Radionuclides are dangerous to the human health due to their high transferability, high solubility, long half-lives and easy assimilation in living organisms among the fission by-products. So radionuclide and heavy metal pollution by various nuclear and other industrial activities is matter of concern. The conventional treatment methods mostly ineffective or highly expensive for these radio waste.

Various physico-chemical and biological processes are available for removal of heavy metals from industrial waste before discharging into the environment. Biological processes such as sewage and water purification treatments have been used for several years due to the potential role of microorganisms to detoxify organic and inorganic pollutants.

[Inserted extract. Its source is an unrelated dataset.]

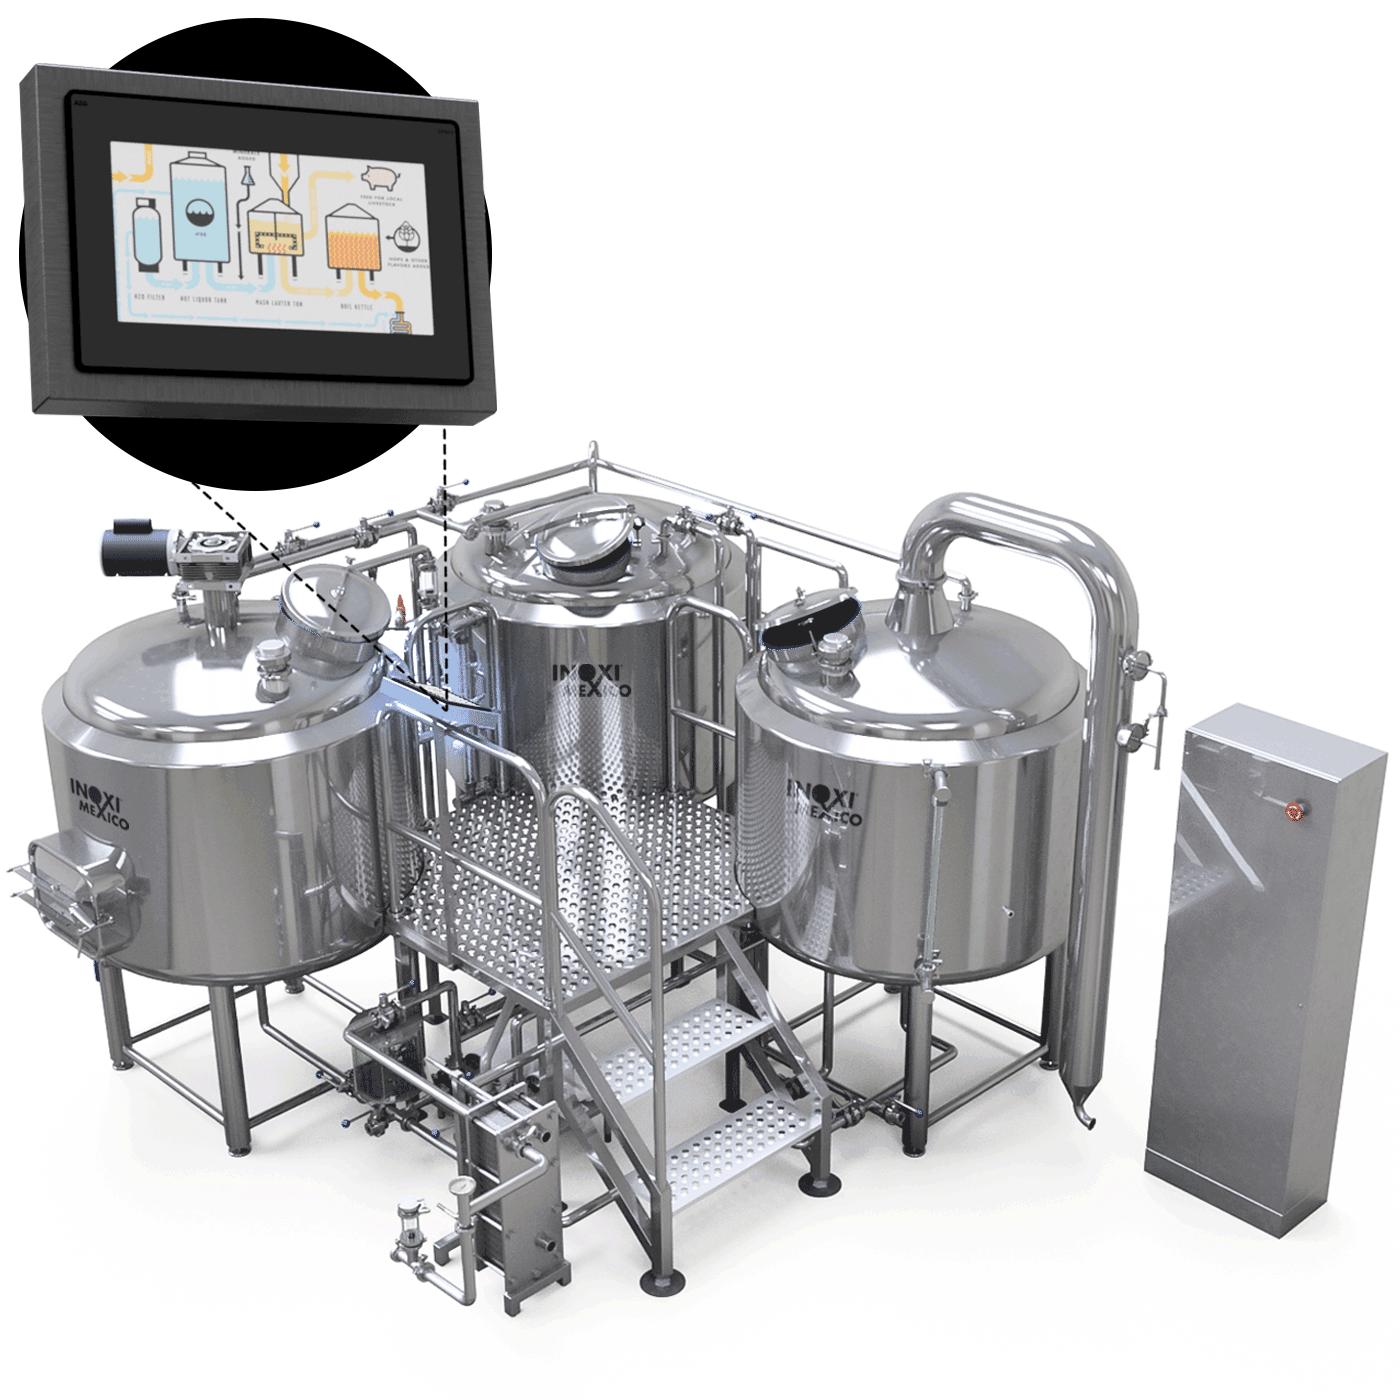 BrewersPro Calentamiento a Vapor 1,500 Litros Nominales (1,000L - 8.5BBL Útil)

Biosorption due to its simplicity, analogous operation to conventional ion exchange technology, apparent efficiency and availability of biomass and waste bio-products has been claimed as a promising technology for pollutant removal and/or recovery from solution.Sorption is a physico-chemical process by which one substance becomes attached to another. Biosorption is a physico-chemical process that can be simply defined as the removal of substances from solution by biological material. The biosorption process therefore involves a solid phase (biosorbent) and a liquid phase (solvent: normally water) containing the dissolved or suspended species to be sorbed(sorbate). Microbial biomass (bacteria, cyanobacteria, yeast, fungi), algae, waste biomass from various food industry and biotechnological processes, active sludge, plant and wood waste biomass, biomass containing chitin and chitosan may be used as biosorbents.